Dalle bollette agli affitti agli alimenti: l'effetto valanga del caro energia

Dalle bollette agli affitti agli alimenti: l'effetto valanga del caro energia

di Alessandra Severini

Dalle bollette agli affitti agli alimenti: l'effetto valanga del caro energia.

I rincari

LUCE E GAS. L'aumento più recente della bolletta elettrica risale al 1° di ottobre con un balzo del 59% per i clienti del mercato a maggior tutela. Ma è solo l’ultimo di una serie di rincari cominciati ormai nell’autunno scorso. Secondo i calcoli di Nomisma energia una famiglia media spenderà nel 2022 per l’elettricità 1.322 euro. Nel 2021 ne aveva spesi meno della metà: 632. Stesso dicasi per il gas: le guerra in Ucraina ha solo aggravato una situazione già complicata. L’ultimo aumento scatterà questo mese e potrebbe arrivare anche al 70%. Dal 1° ottobre inoltre la bolletta del gas diventa mensile fra le proteste delle associazioni dei consumatori che prevedono un ulteriore aggravio dei costi. Secondo un calcolo dell’Ircaf, la spesa annua per il gas è aumentata negli ultimi due anni del 142%. Sommando la bolletta di gas e energia 2022, il costo annuo di una famiglia tipo oscillerebbe intorno ai 3.500 euro.

ALIMENTARI. Secondo la Coldiretti il prezzo dei beni alimentari quest’anno è cresciuto del 10,2% rispetto al 2021. Se il record dell’aumento spetta ai prezzi dell’olio di semi (+63%) ad aumentare sono anche i prezzi dei beni di prima necessità come il pane: secondo l’Unione panificatore rischia di aumentare fino a sei euro al chilo. L’aumento del prezzo del grano duro (arrivato dai 290 euro di prima della crisi a 490 euro di oggi) ha colpito anche uno degli alimenti più amati dagli italiani: la pasta, cresciuta del 22%. E poi farina (+23%), riso (+22) latte conservato (+19%), carne di pollo (16%), uova (+15%), verdure fresche (+12%) e frutta (+8%). Il balzo dei prezzi costerà nel 2022 alle famiglie italiane 564 euro soltanto per la spesa alimentare. Il risultato, ha notato Coldiretti, è che gli italiani hanno cominciato a tagliare il carrello della spesa (-11% rispetto al 2021).
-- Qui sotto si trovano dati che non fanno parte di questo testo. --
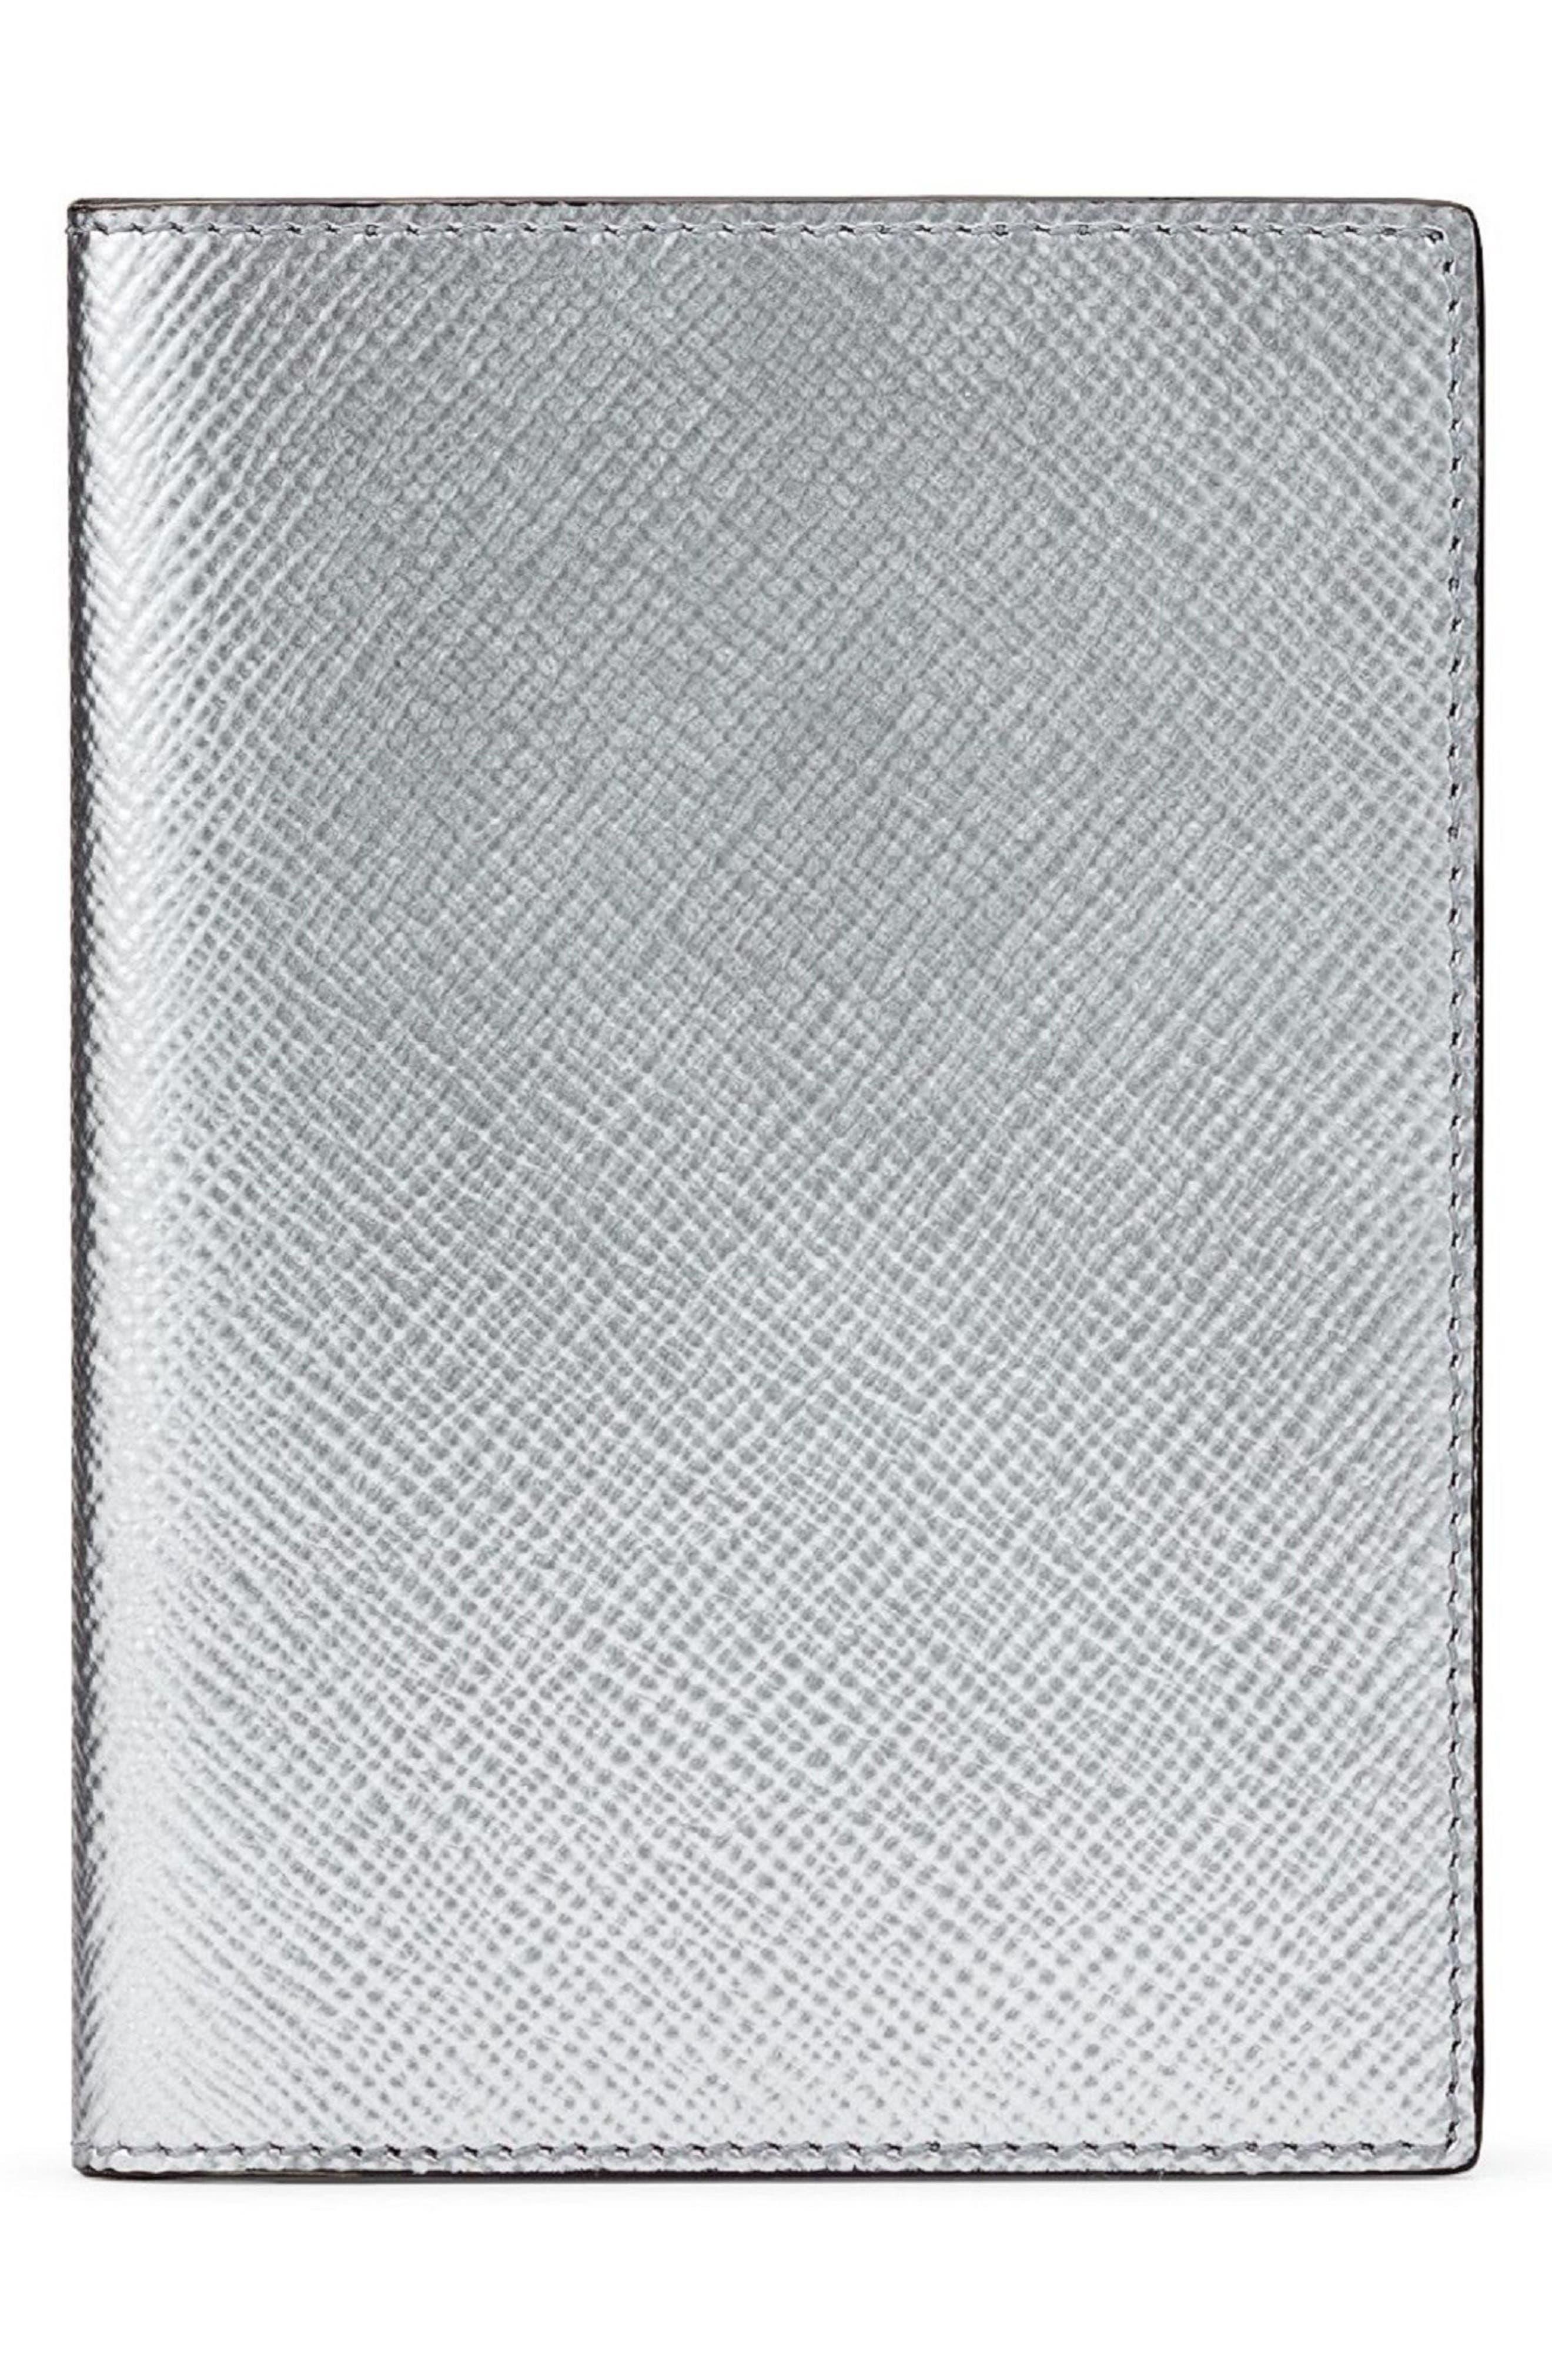 Panama Calfskin Leather Passport Case,                         Main,                         color,

CASA E AFFITTI. A risentire degli effetti della crisi sono anche i prezzi degli immobili. Le quotazioni sono aumentate alla fine del secondo trimestre 2022 del 2,3% rispetto al primo e del 5,2% rispetto alla prima metà del 2021 anche se c’è una grande differenza fra nuove costruzioni (+12%) e case vecchie (+3,8%). Gli aumenti maggiori si sono registrati a Milano e a Roma. Non va meglio a chi, anzichè comprare, sceglie una casa in affitto: se si ha un contratto a canone libero, questo potrebbe aumentare anche del 7,8%. Le famiglie residenti a Milano, città più cara d'Italia, dovranno pagare in media 81 euro in più per un appartamento. A Roma, Bologna e Firenze, se la ‘caveranno’ con una media di 60 euro al mese. Se si è scelto la cedolare secca invece per l’affittuario non cambierà il costo. Milano rimane la città più cara: un monolocale in zona non centrale può arrivare a costare 700 euro, un bilocale oltre 900 euro.
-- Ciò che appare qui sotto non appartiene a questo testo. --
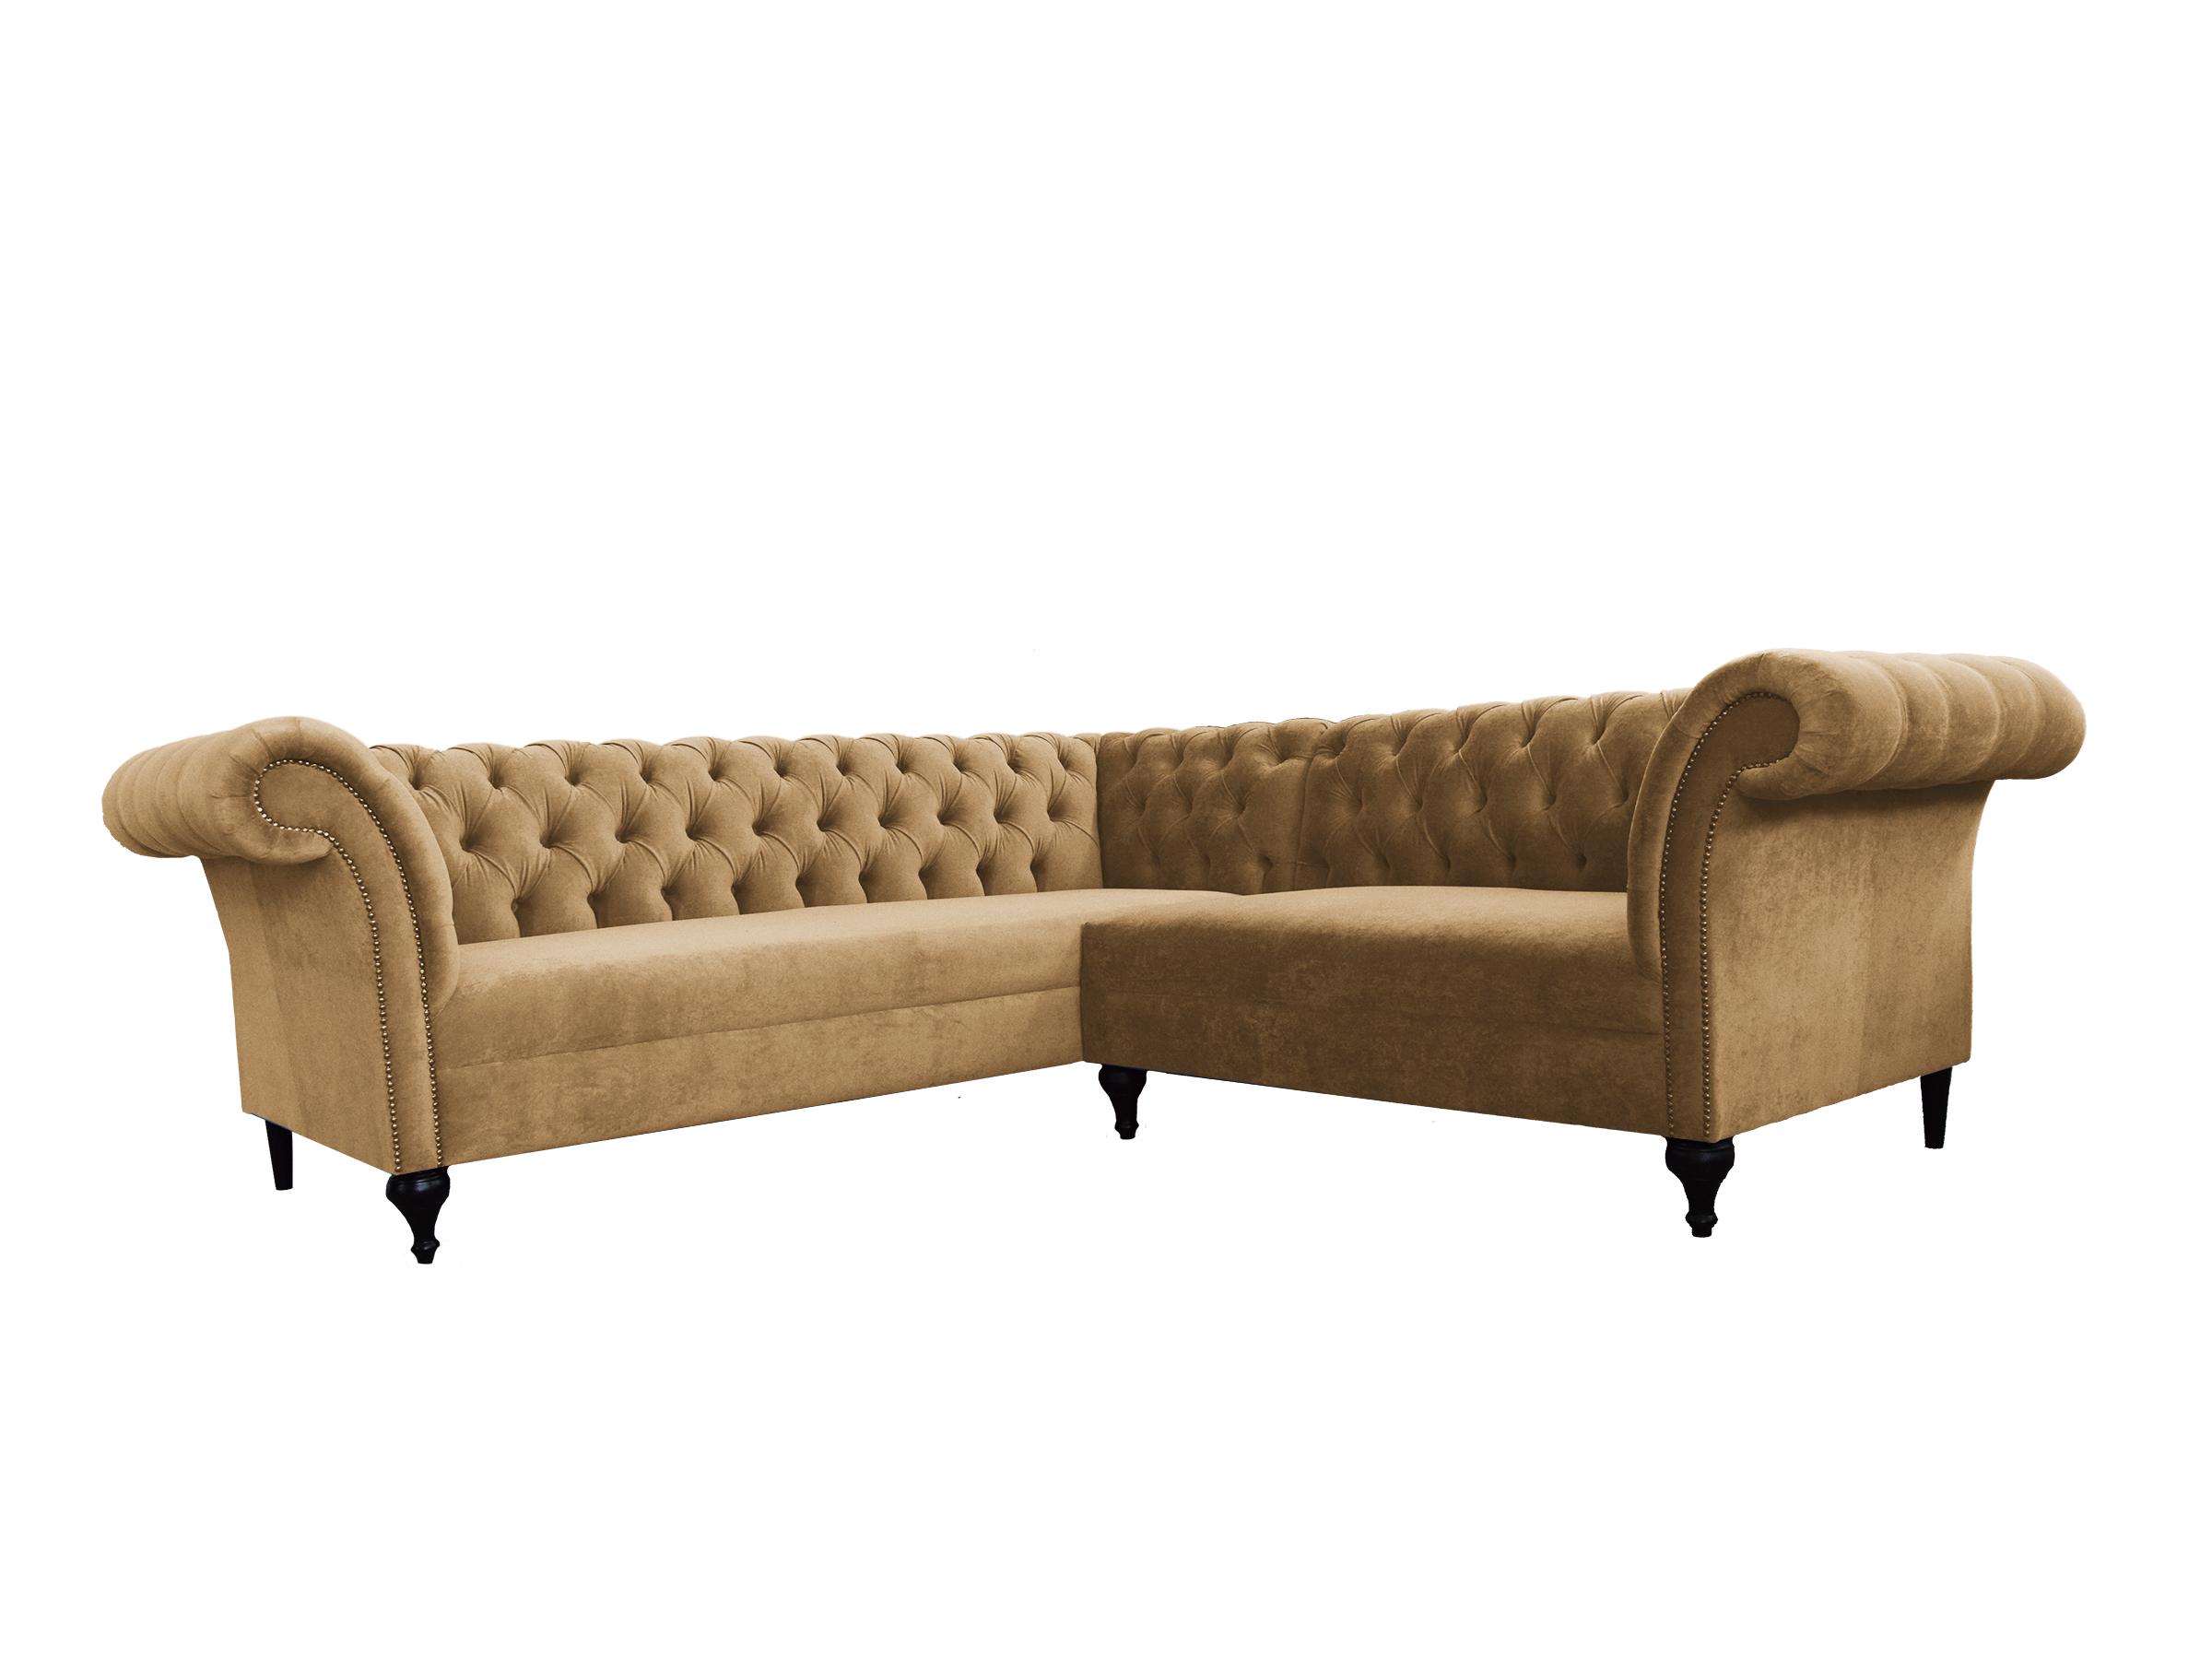 Chesterfield ecksofa eckcouch designer sofa couch samt for Ecksofa 2 60x2 00

MUTUI E CONTI CORRENTI. Il rialzo dei tassi deciso dalla Bce ha gradualmente aggravato il prezzo del mutuo: contrarre un mutuo a tasso fisso costa oggi il 24% in più rispetto al 2021, per quello variabile si paga il 14% in più. Stangata anche per chi un mutuo lo ha già preso: se chi ha optato per un tasso fisso si salva, chi ha scelto il variabile ha visto aumentare la propria rata. Per esempio chi pagava una rata di 450 euro al mese con tasso all’1% ora è passato a pagare 605 euro. E gli aumenti potrebbero crescere ancora fino a sfiorare i 700 euro. La stessa Banca d’Italia ha calcolato che in luglio i tassi d’interesse applicati ai mutui immobiliari si sono attestati al 2,45% (erano all’1,74% lo scorso dicembre), ovvero ai massimi dal giugno 2017. Aumentati a dismisura anche i costi dei conti corrente, in media del 6,7% con una spesa di gestione che può superare i 150 euro l’anno. I rincari hanno riguardato le spese fisse e le operazioni tipo bonifici, molto più nei conti ordinari che in quelli online.